* [YOUR INSTRUCTIONS] In the entries below, begin at the line that has "La Salle celebrates" and stop after the line that has "his longhorn was"; output those lines exactly, leaving out pictures.

* [RECORDS PROVIDED]
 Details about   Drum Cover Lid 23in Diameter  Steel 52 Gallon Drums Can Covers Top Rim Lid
--
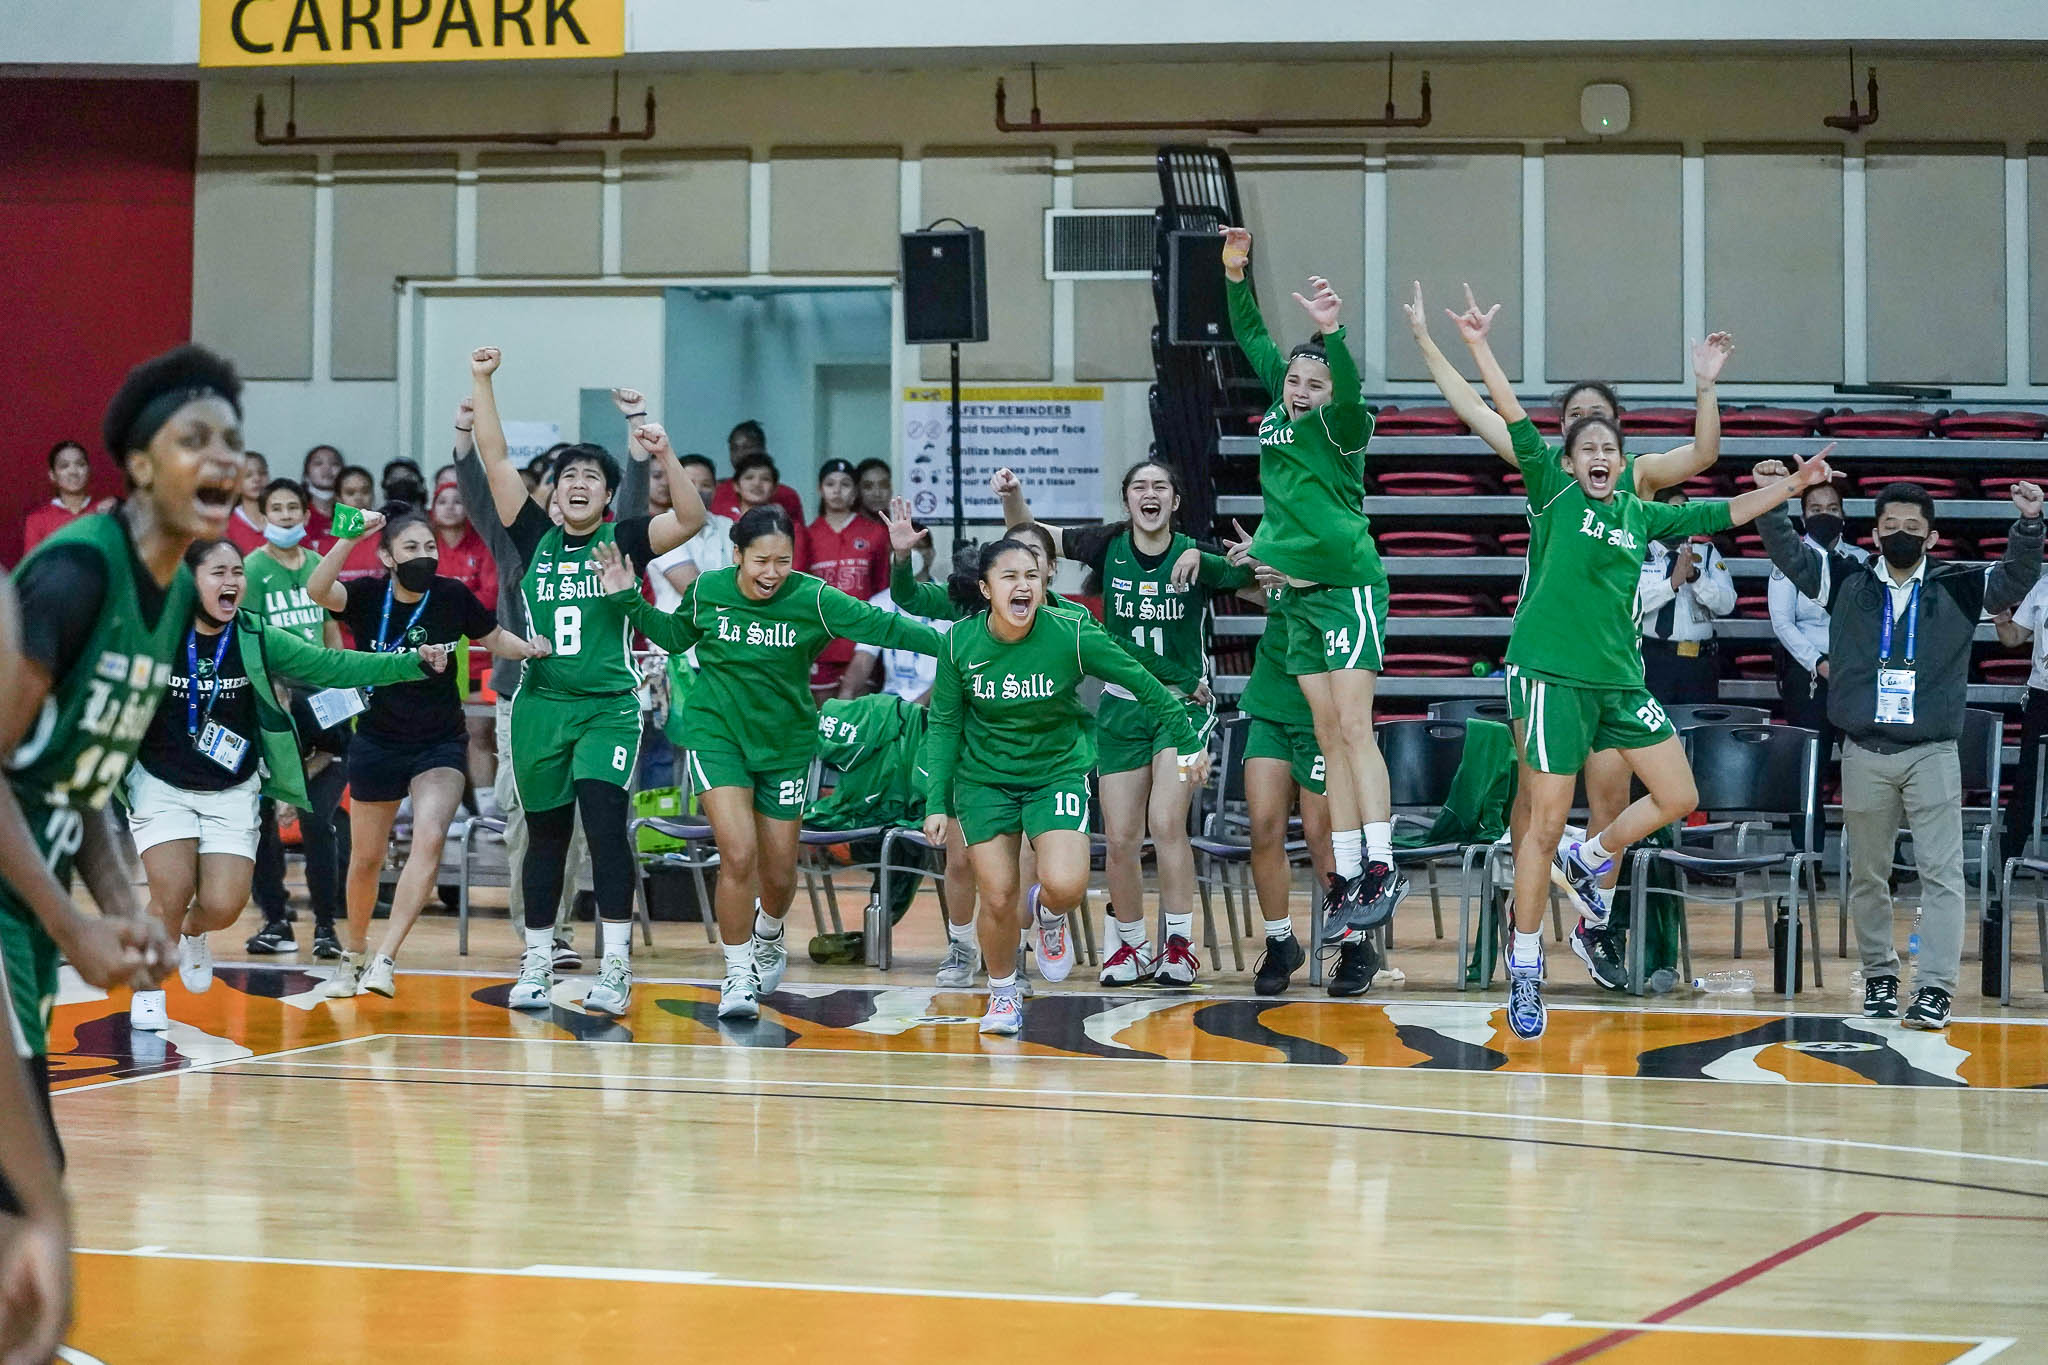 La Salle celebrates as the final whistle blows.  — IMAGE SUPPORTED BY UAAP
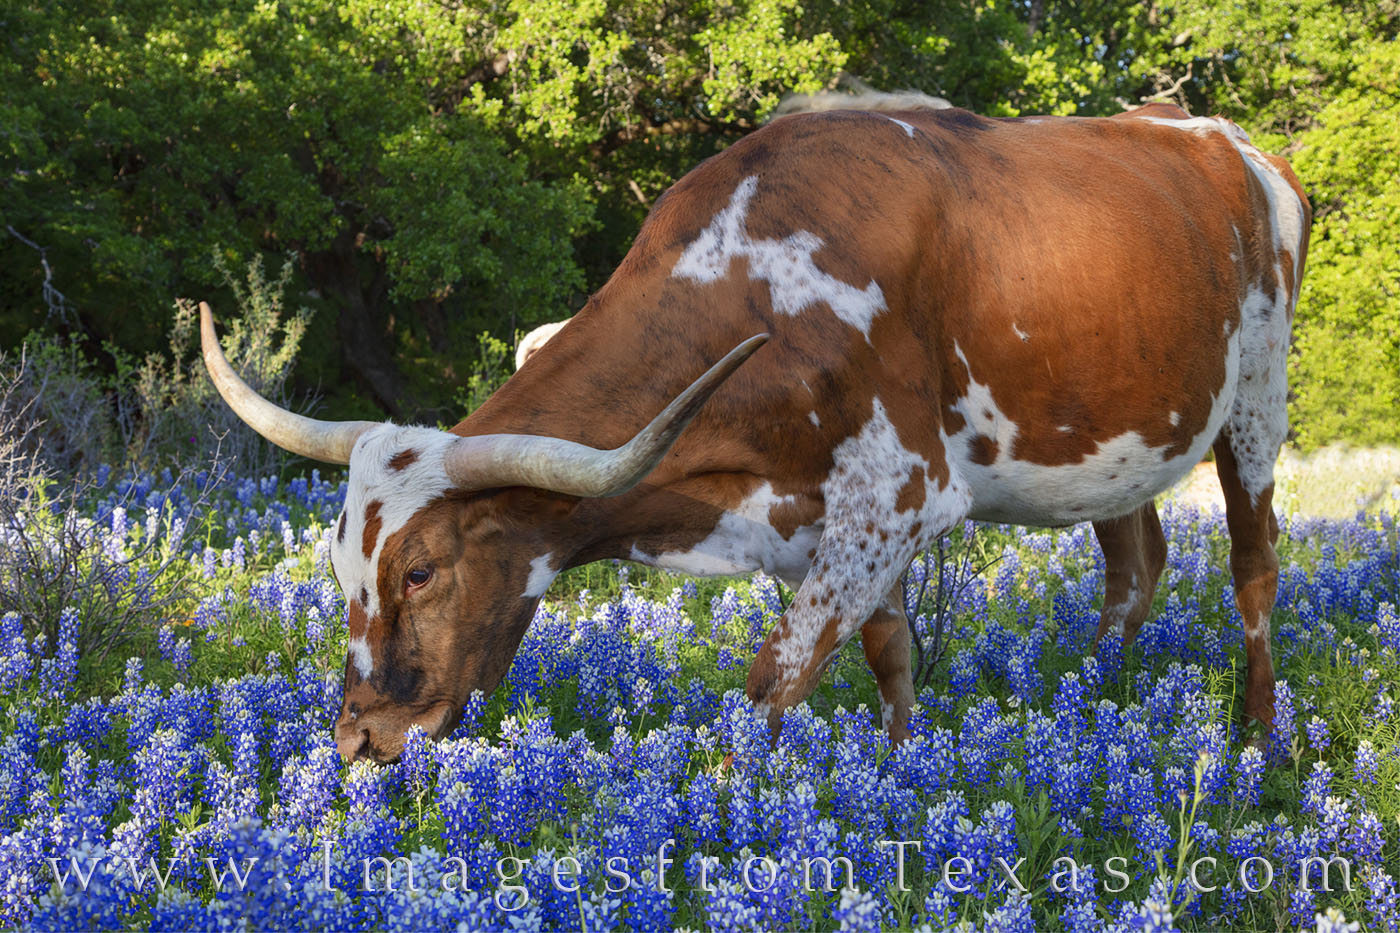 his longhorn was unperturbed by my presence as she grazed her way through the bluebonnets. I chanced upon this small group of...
==
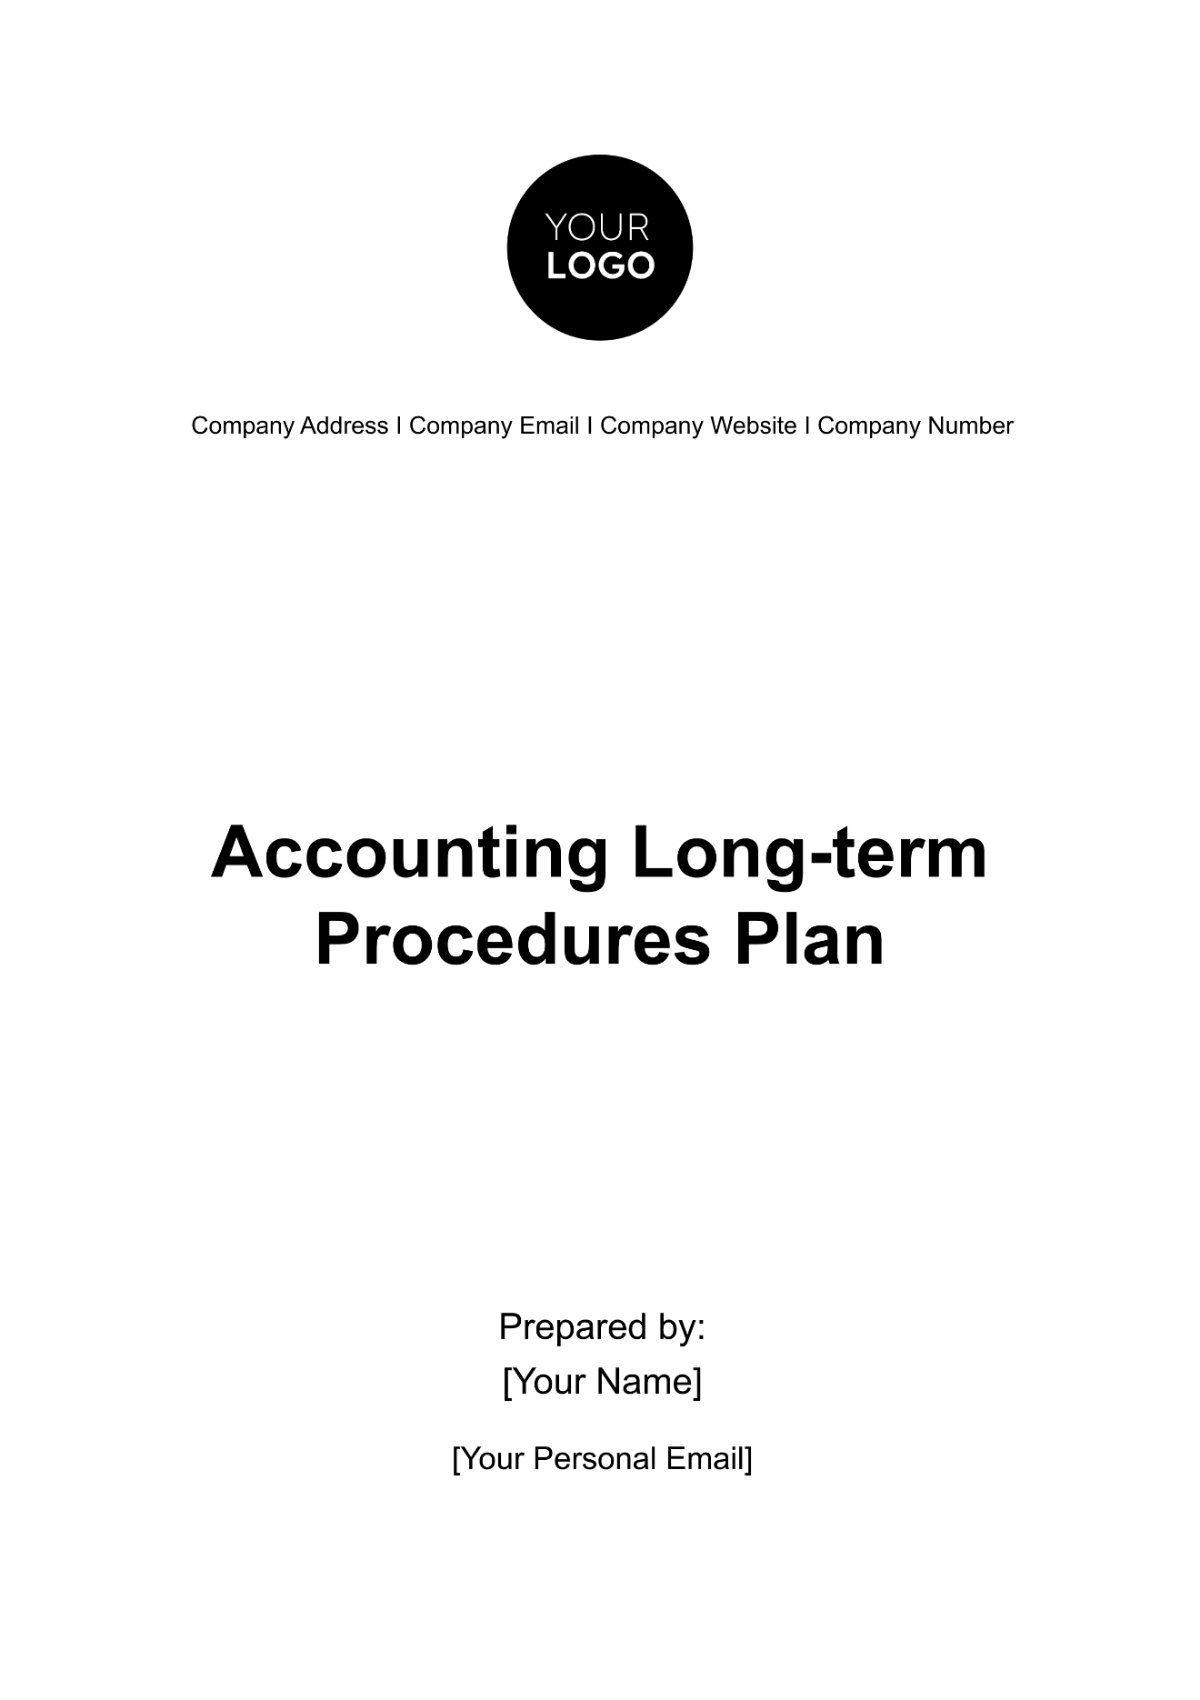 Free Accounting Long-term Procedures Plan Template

* [OUTPUT FOR THIS TASK]
 La Salle celebrates as the final whistle blows.  — IMAGE SUPPORTED BY UAAP
 his longhorn was unperturbed by my presence as she grazed her way through the bluebonnets. I chanced upon this small group of...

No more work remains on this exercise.